PROBLEM - Please restate exactly the lines from the one holding "Artists Vincent van" to the end of the material, including both ends and excluding every picture.

RAW DATA -
• • • •

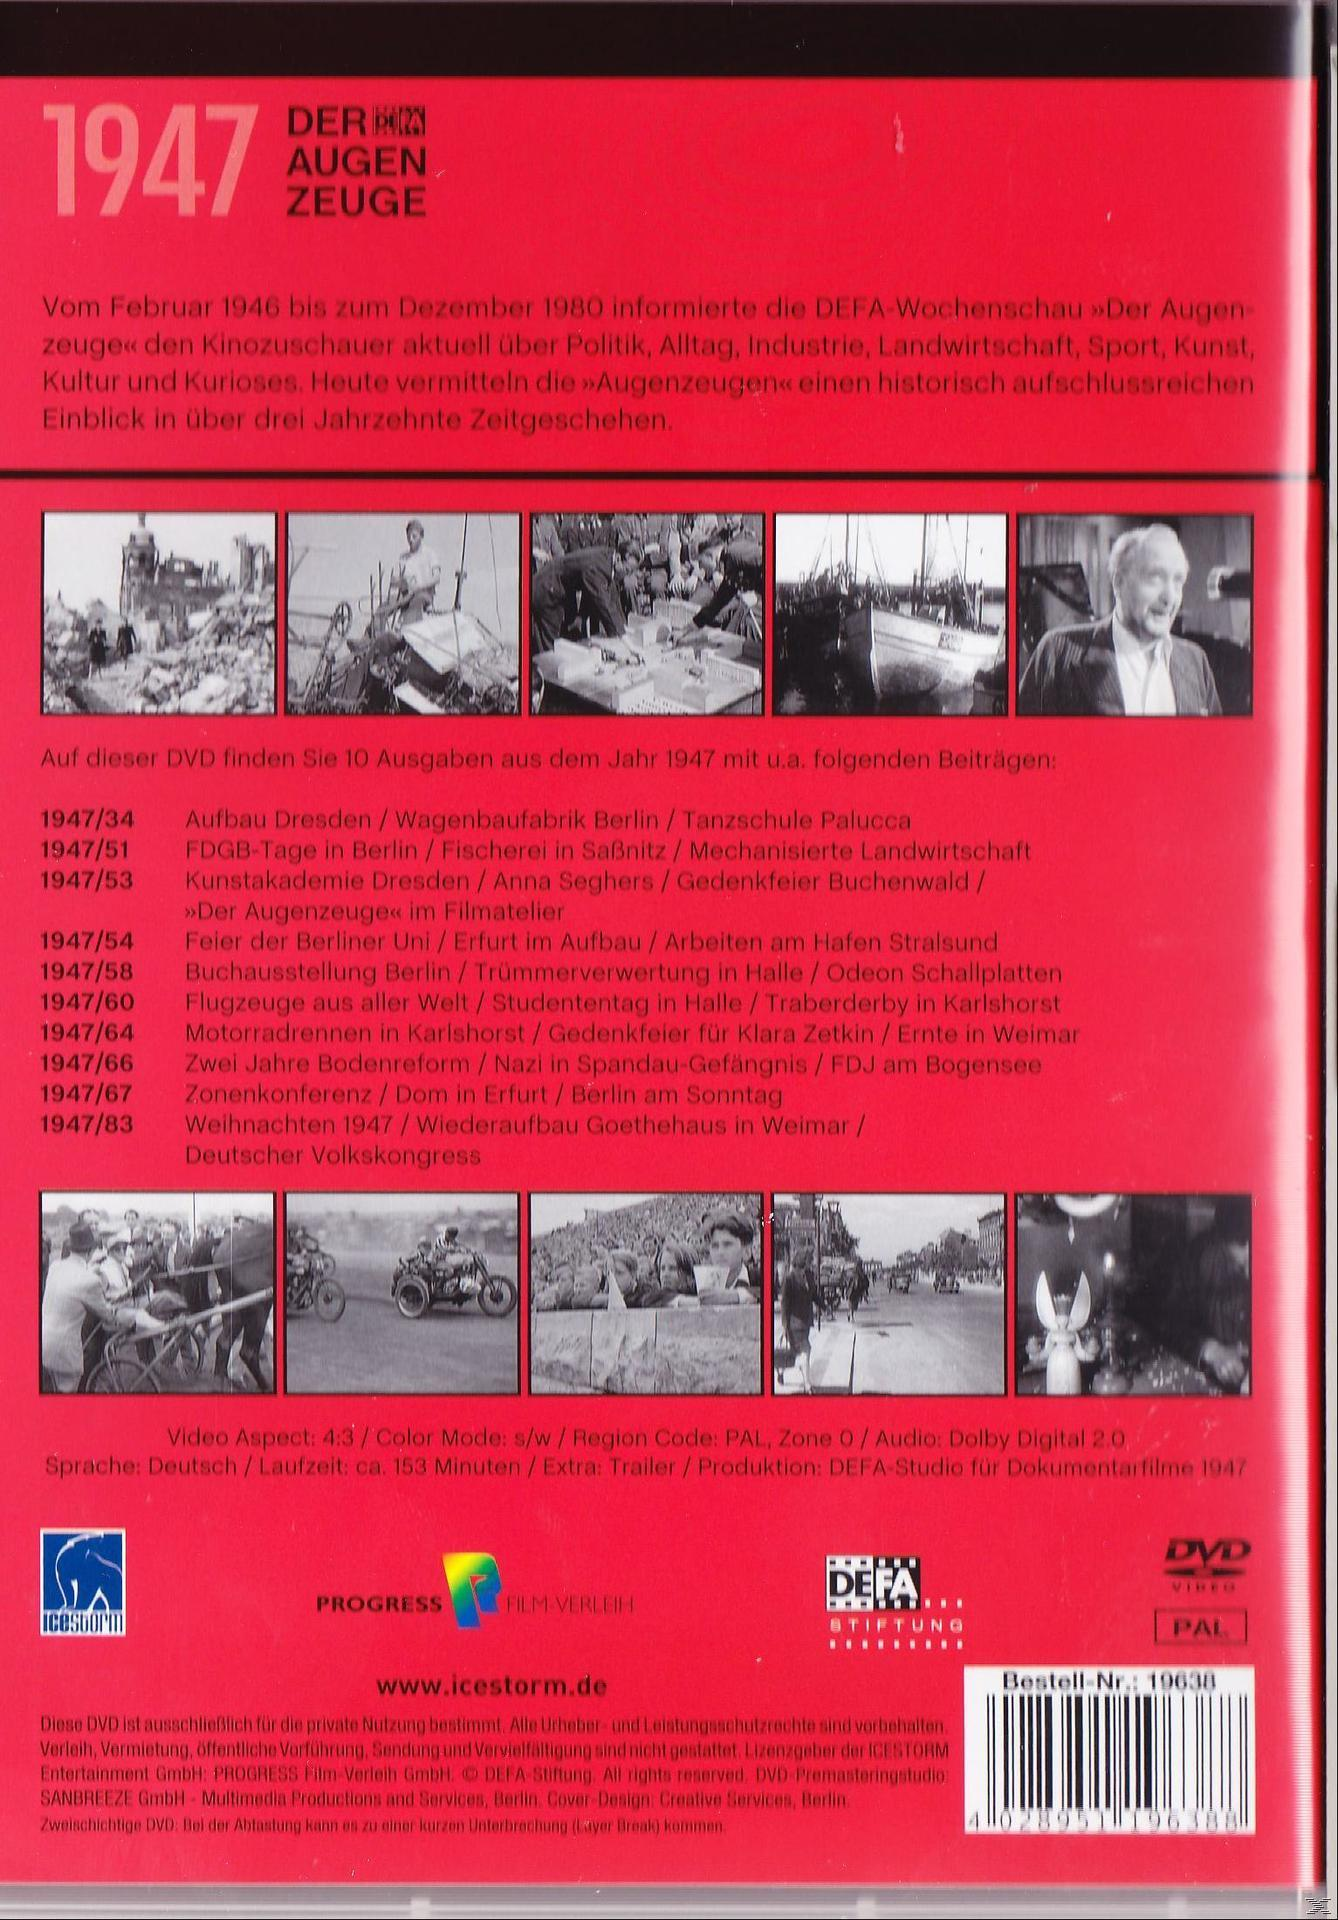 Augenzeuge Der 1947 DVD
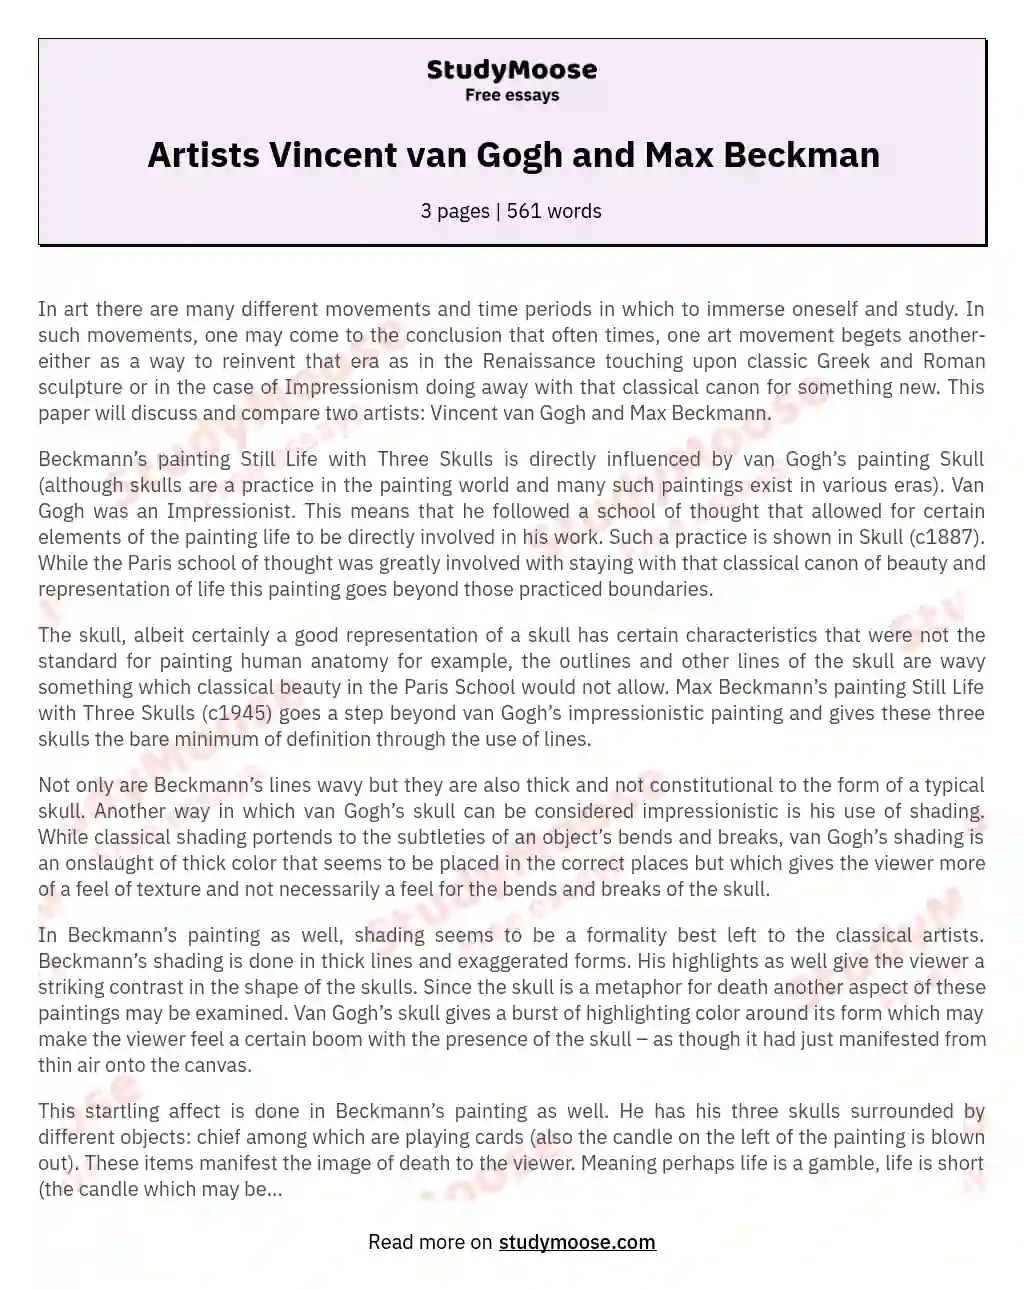 Artists Vincent van Gogh and Max Beckman essay
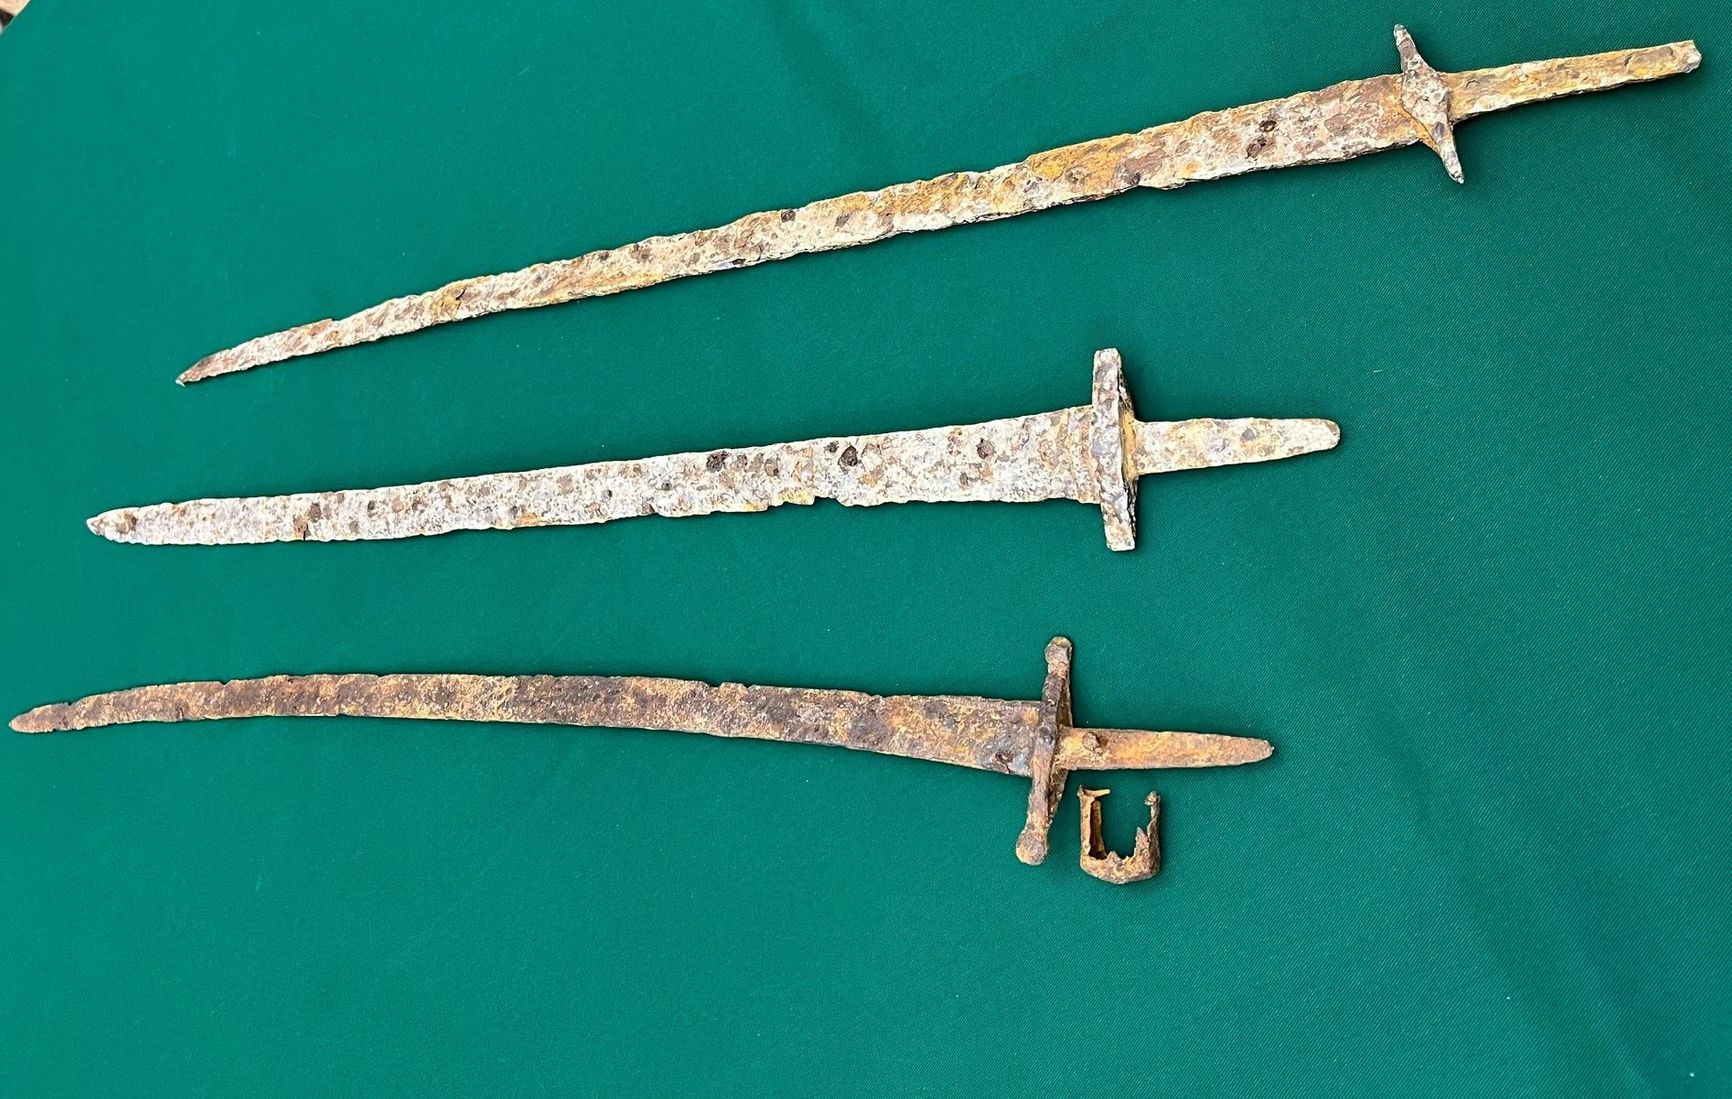 Американские власти передали Украине скифские мечи, похищенные с оккупированных территорий. Артефакты пытались незаконно ввезти в США

• • • •

ANSWER TO THIS PROBLEM -
 Artists Vincent van Gogh and Max Beckman essay
 Американские власти передали Украине скифские мечи, похищенные с оккупированных территорий. Артефакты пытались незаконно ввезти в США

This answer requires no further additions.